If These 5 Small Things Have Ever Ruined Your Day, This Is For You

Though these irritating issues may seem inconsequential overall, therapists say they're still worth addressing. Here's how.
Bad weather is one thing that can totally throw off someone's day, therapists say.
AegeanBlue via Getty Images
Bad weather is one thing that can totally throw off someone's day, therapists say.

When something seemingly small doesn’t go your way, it’s easy to feel upset for a few moments ― or even an entire day.

There is nothing inherently wrong with that. In fact, in a TikTok posted by therapist Emma Mahony, she said there are a few common occurrences that routinely ruin our attitudes — and you shouldn’t be ashamed to feel let down by something that seems so minuscule.
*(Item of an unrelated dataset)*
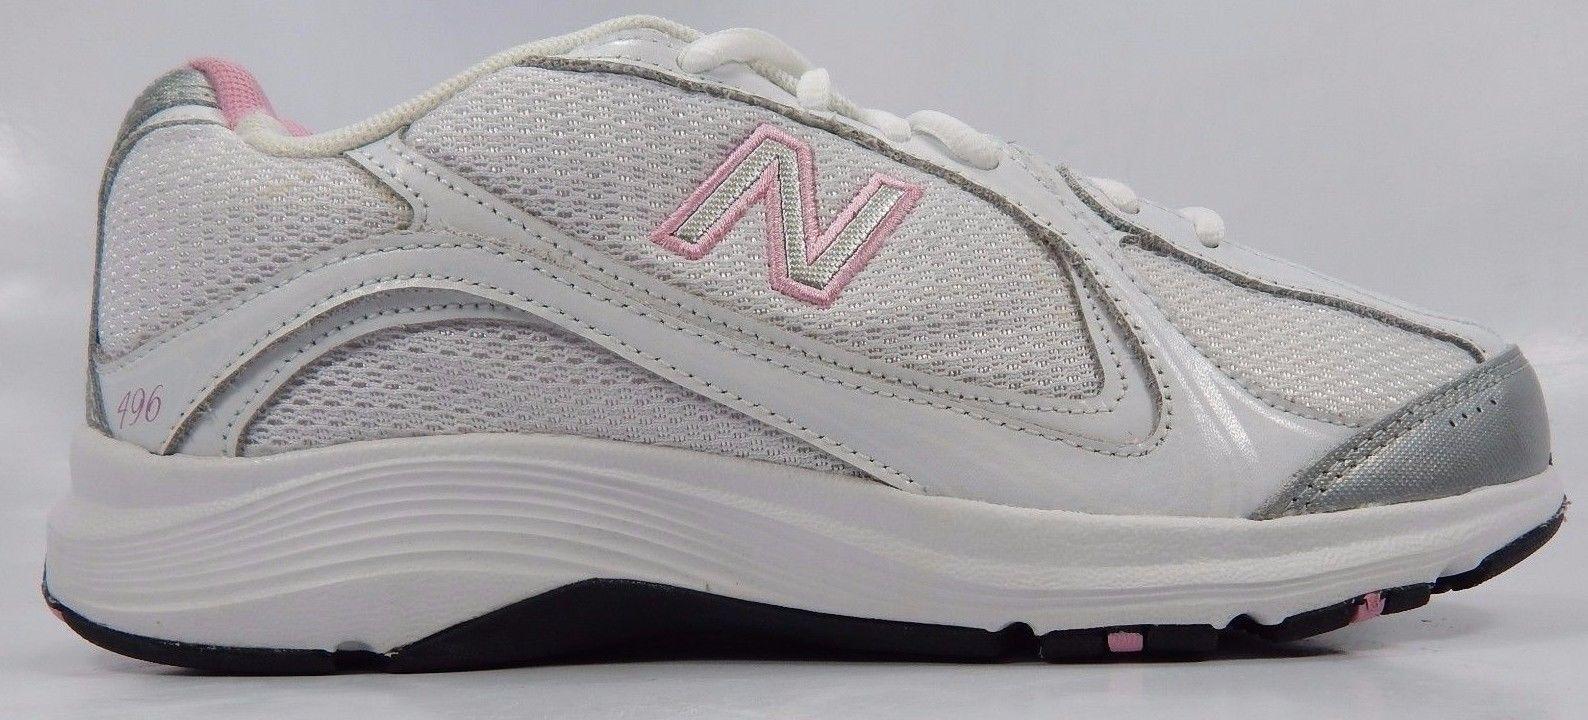 b41c831c59de New Balance 496 Women s Walking Shoes Size US 8.5 M (B) EU 40 White ...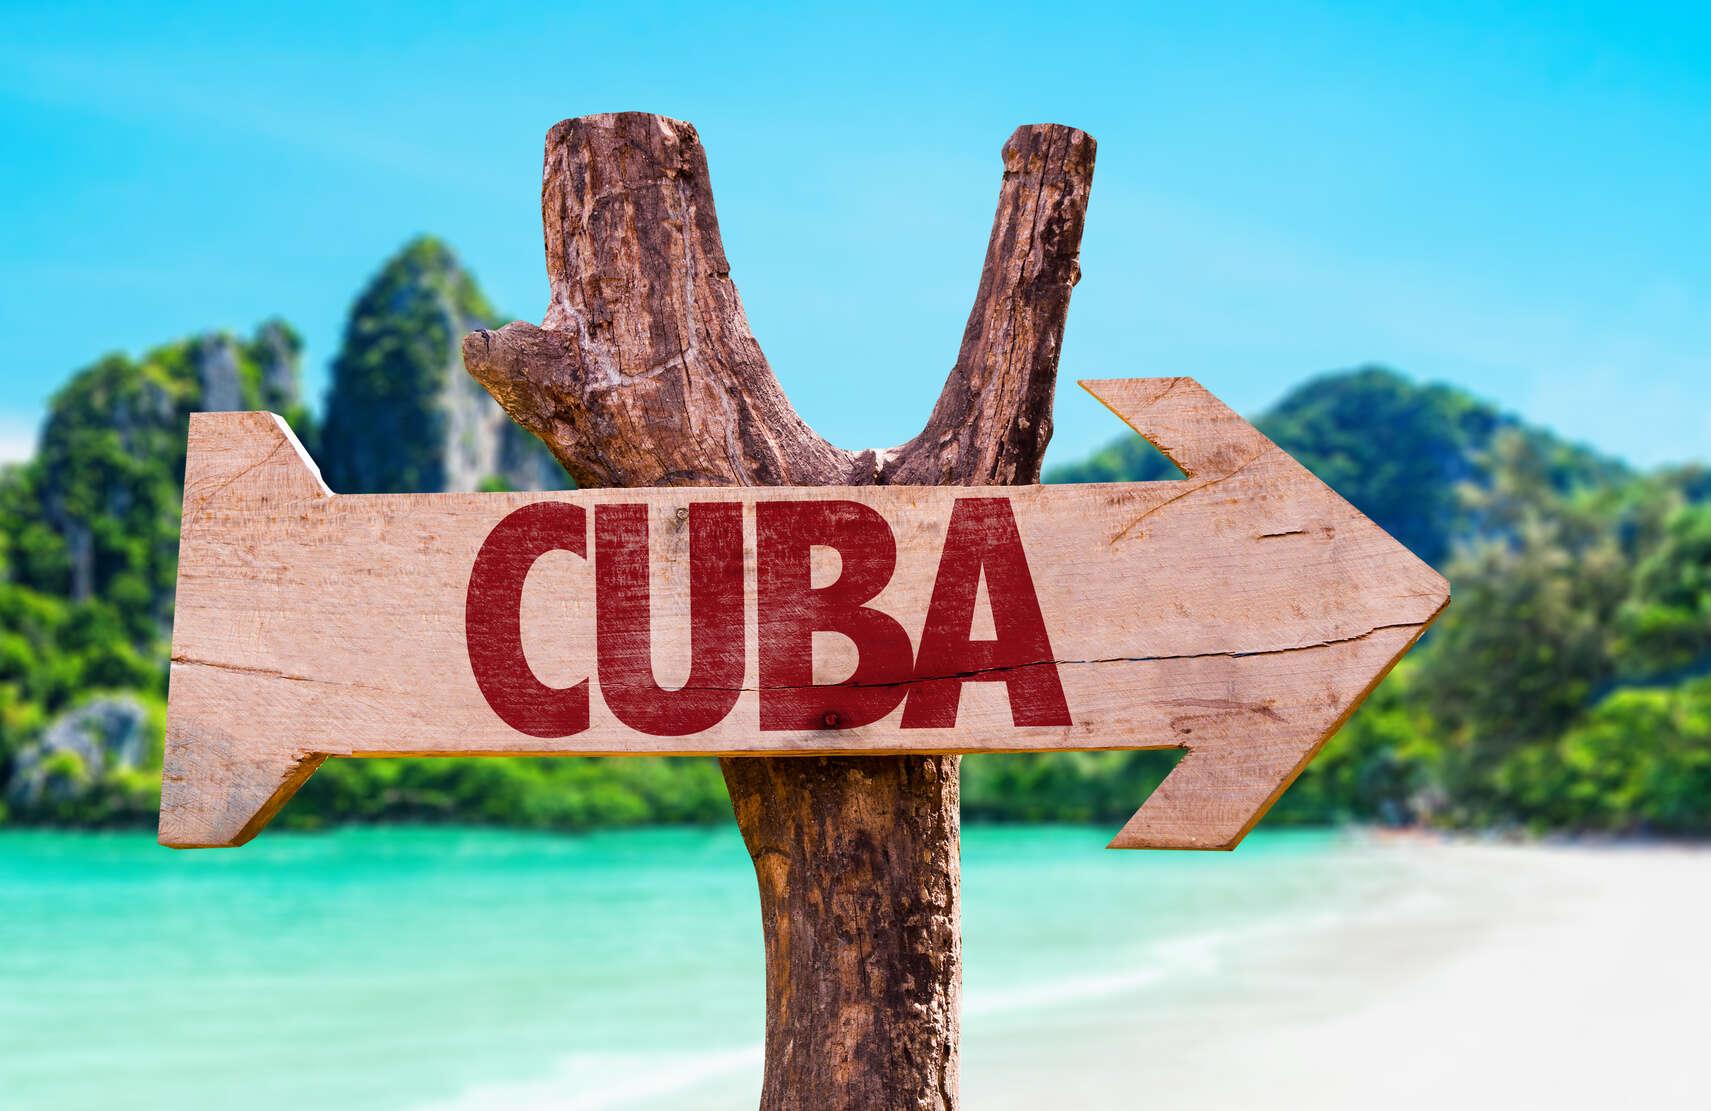 Vacationing in Cuba: Top 5 Destinations

“Usually, when people say [their day is ruined], it’s in the context of something interfering with the direction that they envisioned their day going,” Mahony, a therapist at A Better Life Therapy in Philadelphia and a mental health content creator, told HuffPost.

When compared to the larger issues in the world, it’s easy to feel like your “small” issues aren’t worth getting upset about. But therapists say these day-ruiners are also worthy of your attention (and may even be connected to how you feel about the larger issues in the world).

Below, therapists share the most common issues that throw off our days and how to deal so you don’t get stuck in a negativity cycle:

Traffic And Other Travel Disruptions

“I feel like people are really affected by traffic,” said Danica Harris, a somatic therapist and coach in Texas. It makes sense: if you are rushing to get to an important doctor’s appointment but are stuck in stop-and-go traffic, you’re going to be pretty stressed.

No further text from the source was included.